Mahkemece yapılan yargılama sonunda davacı … …, … …, … … ve … … mirasçılarının davasının kabulüne, diğer dava ve taleplerin ayrı ayrı reddine, müdahale talebinde bulunan …’ın müdahale talebinin reddine karar verilmiş; hüküm, davalı Hazine vekili ve davacı/müdahil … vekili tarafından temyiz edilmiştir.
Mahkemece, işin esasına girilerek karar verilmiş ise de verilen karar usul ve yasaya uygun bulunmamaktadır. Şöyle ki, nüfus kayıtlarının incelenmesinde, davacılardan…’un 01.10.1991 tarihinde çocuksuz öldüğü, eşi ….un ise kendisinden sonra 2003 yılında öldüğü, ….un mirasçılarından çoğuna özellikle de kendisinden sonra ölen eşi …..’un mirasçılarına davetiye çıkartılarak davadan haberdar edilmedikleri, yine müdahillerden ….’ın 28.11.2001 tarihinde öldüğü, mirasçıların davadan haberdar edilmedikleri halde yargılamaya devam edilerek aleyhlerine hüküm kurulduğu ve kararın da kendilerine tebliğ edilmediği anlaşılmaktadır.

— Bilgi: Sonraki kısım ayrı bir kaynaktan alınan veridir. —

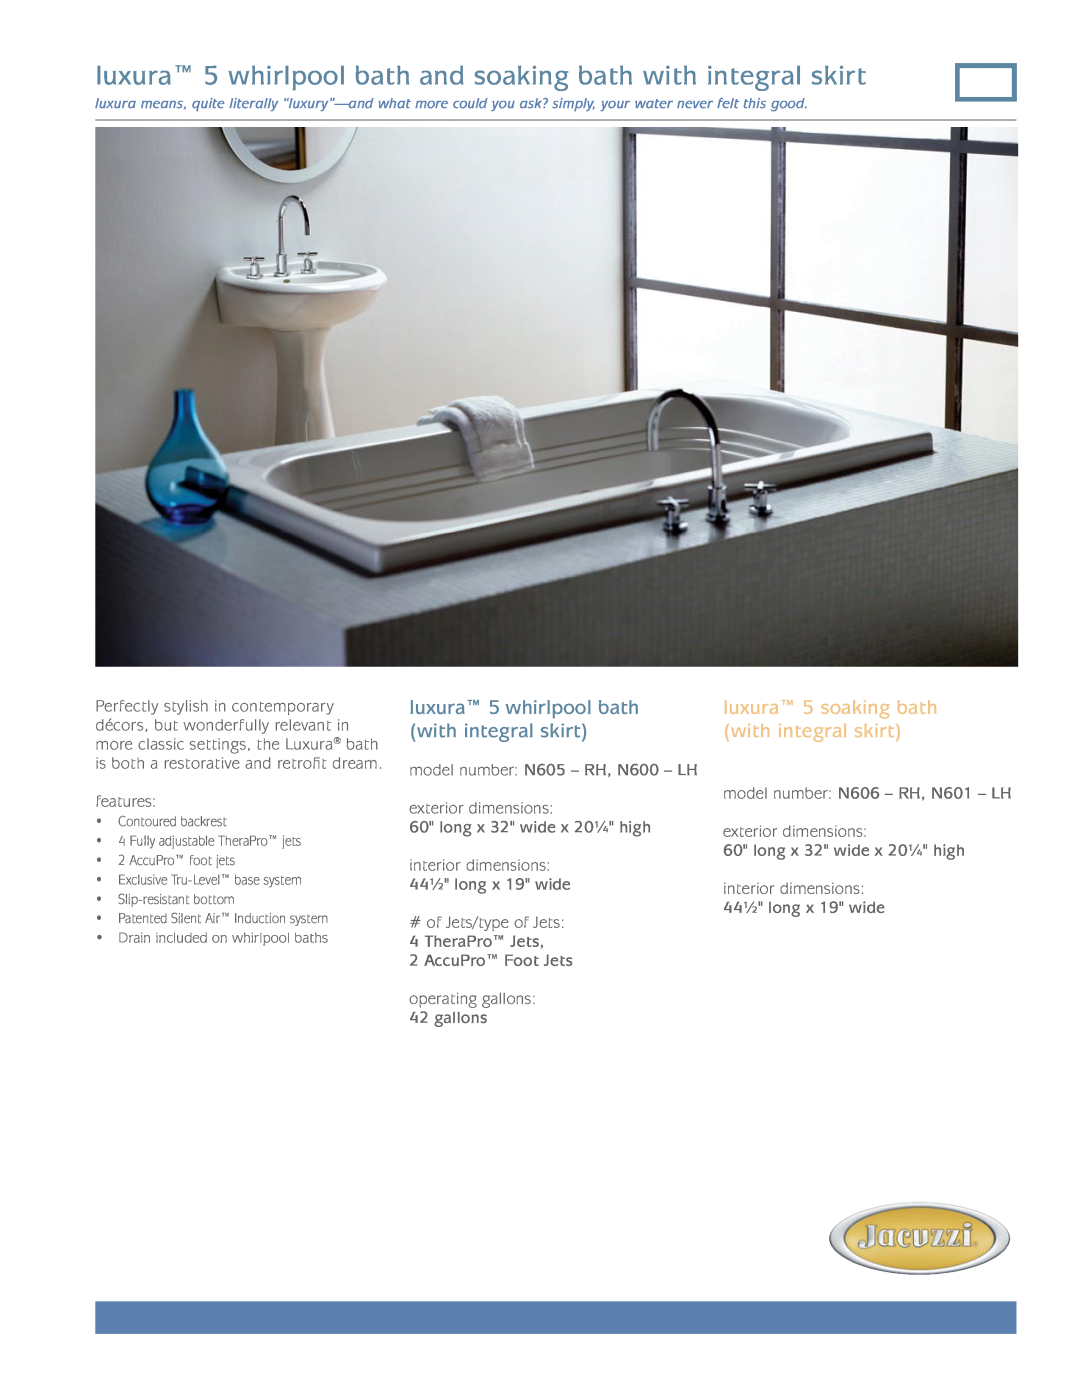 Jacuzzi N606-RH, N600-LH dimensions luxura 5 whirlpool bath and soaking bath with integral skirt, luxura 5 soaking bath

Aynı şekilde davacı … … mirasçılarından …’ın ve davacı … … mirasçılarından …..’ın 2012’de, davacı … … mirasçılarından …ve…’ın 2014’te öldükleri, mirasçılarına davetiye çıkartılarak davadan ve karardan haberdar edilmedikleri anlaşılmaktadır.
Ayrıca aleyhine karar verilip karardan haberdar edilmeyen ve dosya kapsamından ….ın gayri resmi eşi olduğu anlaşılan müdahil …..’ın nüfus kaydı dosya içerisinde bulunmadığından sağ mı ölü mü olduğu, ölü ise mirasçılarının davadan haberdar edilip edilmedikleri tespit edilememektedir.

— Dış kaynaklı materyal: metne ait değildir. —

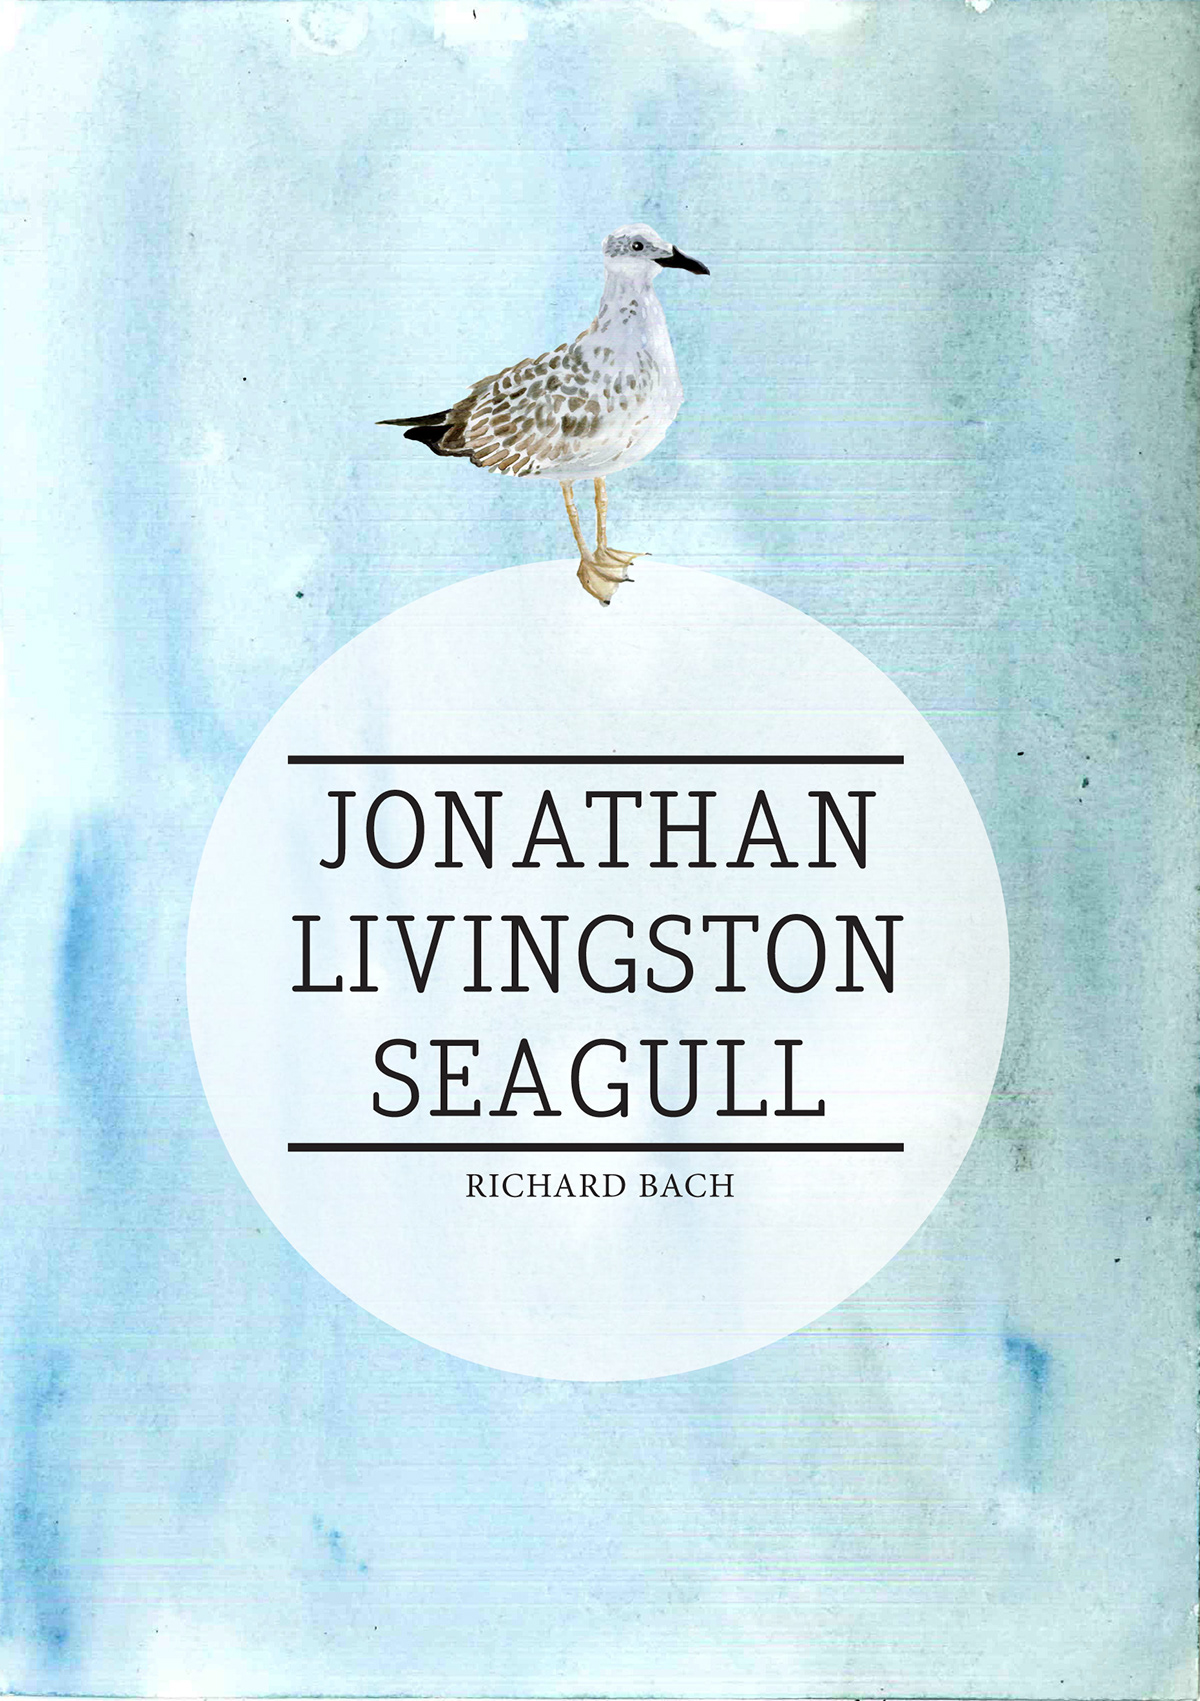 bird seagull gull book richard bach inspirational sea Fly flight

Bu haliyle davada, taraf teşkilinin sağlandığından söz edilemez. Oysaki, taraf teşkilinin sağlanması, yargılamanın her aşamasında re’sen gözönünde bulundurulması gereken dava şartlarından olup, bu koşul yerine getirilmeden davanın esası hakkında karar verilmesi hukuken mümkün bulunmamaktadır.
Bunun yanı sıra 6100 sayılı HMK’nin 297. maddesi uyarınca, davanın taraflarının kararda doğru ve eksiksiz şekilde gösterilmeleri gerekir. Mahkemece, karar başlığında tarafların tümünün gösterilmediği anlaşılmakta olup, bu haliyle karar başlığının da anılan yasa maddesi hükmüne uygun düzenlendiğinden söz edilemez.
Hal böyle olunca; Mahkemece öncelikle, davacı…, …,… … ve müdahil….. ile yapılacak araştırma sonucu ölü olduğu tespit edildiği takdirde müdahil ….’ın mahkemece tespit edilecek mirasçılarına usulünce duruşma gününü bildirir davetiye tebliğ edilmek suretiyle yöntemine uygun şekilde taraf teşkili sağlanmalı, bundan sonra işin esasına girilerek hüküm kurulmalıdır. Mahkemece bu husus gözden kaçırılarak, yöntemince taraf teşkili sağlanmadan işin esasına ilişkin yazılı şekilde hüküm kurulması ve ayrıca usul ve yasaya aykırı şekilde gerekçeli karar başlığı oluşturulması doğru değildir.
SONUÇ: Yukarıda açıklanan nedenlerle temyiz itirazları yerinde bulunduğundan kabulü ile Yerel mahkeme hükmünün 6100 sayılı HMK’nin Geçici 3. maddesi yollamasıyla uygulanacak olan 1086 sayılı HUMK’un 428. maddesi gereğince BOZULMASINA, bozma nedenine göre sair hususların şimdilik incelenmesine yer olmadığına, taraflarca HUMK’un 440/I maddesi gereğince … ilamının tebliğinden itibaren 15 gün içinde karar düzeltme isteğinde bulunulabileceğine 03.02.2022 tarihinde oy birliğiyle karar verildi.